Adequate Organ and Bone Marrow Function (within 1 month prior to chemotherapy), indicating no contraindications for chemotherapy:
Absolute Neutrophil Count (ANC) ≥ 1.5 × 10⁹/L
Hemoglobin (Hb) ≥ 90 g/L
Platelet count (PLT) ≥ 100 × 10⁹/L
Total Bilirubin (TBIL) < 1.5 × ULN (Upper Limit of Normal)
Serum Creatinine (Cr) < 1.5 × ULN
Aspartate Aminotransferase (AST) / Alanine Aminotransferase (ALT) < 1.5 × ULN
Cardiac Function: Left ventricular ejection fraction (LVEF) ≥ 50% as measured by echocardiogram.
Pregnancy Status: For women of childbearing potential, a negative serum pregnancy test within 14 days prior to randomization.
Performance Status: Eastern Cooperative Oncology Group (ECOG) performance status score of ≤ 1.

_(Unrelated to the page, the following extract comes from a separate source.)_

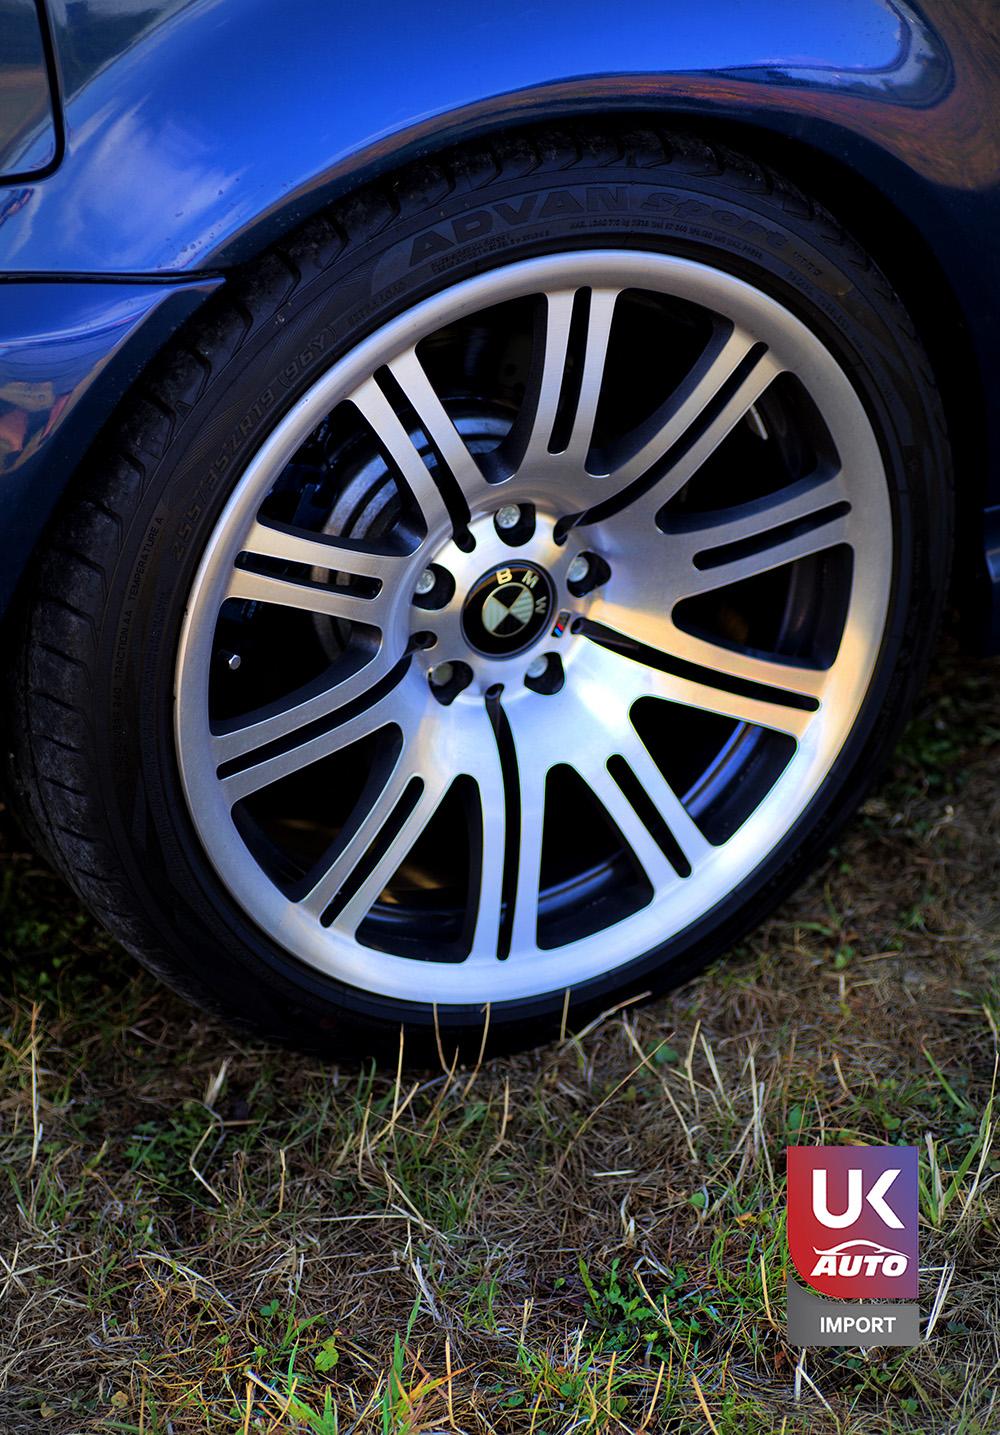 IMG 2441 - RHD PASSION - Importation BMW M3 RHD E46 pour Benjamin par ukauto.fr

Informed Consent: Signed informed consent obtained.

Exclusion criteria

Metastatic Disease: Evidence of metastatic breast cancer. (To exclude metastasis, CT scans of the chest and abdomen, and a bone scan must be performed at any time point from diagnosis to randomization; PET/CT may serve as an alternative imaging modality).
Prior Anti-Cancer Therapy: Any prior chemotherapy, endocrine therapy, targeted therapy, or radiotherapy for the current breast cancer.
Second Primary Malignancy: Presence of a second primary malignancy, except for:
Adequately treated non-melanoma skin carcinoma.
Prior Immunotherapy: Previous treatment with an anti-PD-1, anti-PD-L1, or anti-PD-L2 agent, or any other immunomodulatory therapy.
Immunodeficiency or Autoimmune Disease: Diagnosed immunodeficiency or active autoimmune disease requiring systemic treatment.
Severe Comorbidities: Severe or uncontrolled pulmonary or cardiac disease.
Active Hepatitis: Active Hepatitis B or Hepatitis C infection.
Transplantation History: History of solid organ or bone marrow transplantation.
Pregnancy/Lactation: Pregnant or lactating women.
Other Medical Conditions: Any other severe, uncontrolled medical condition that, in the investigator's judgment, constitutes a contraindication to chemotherapy.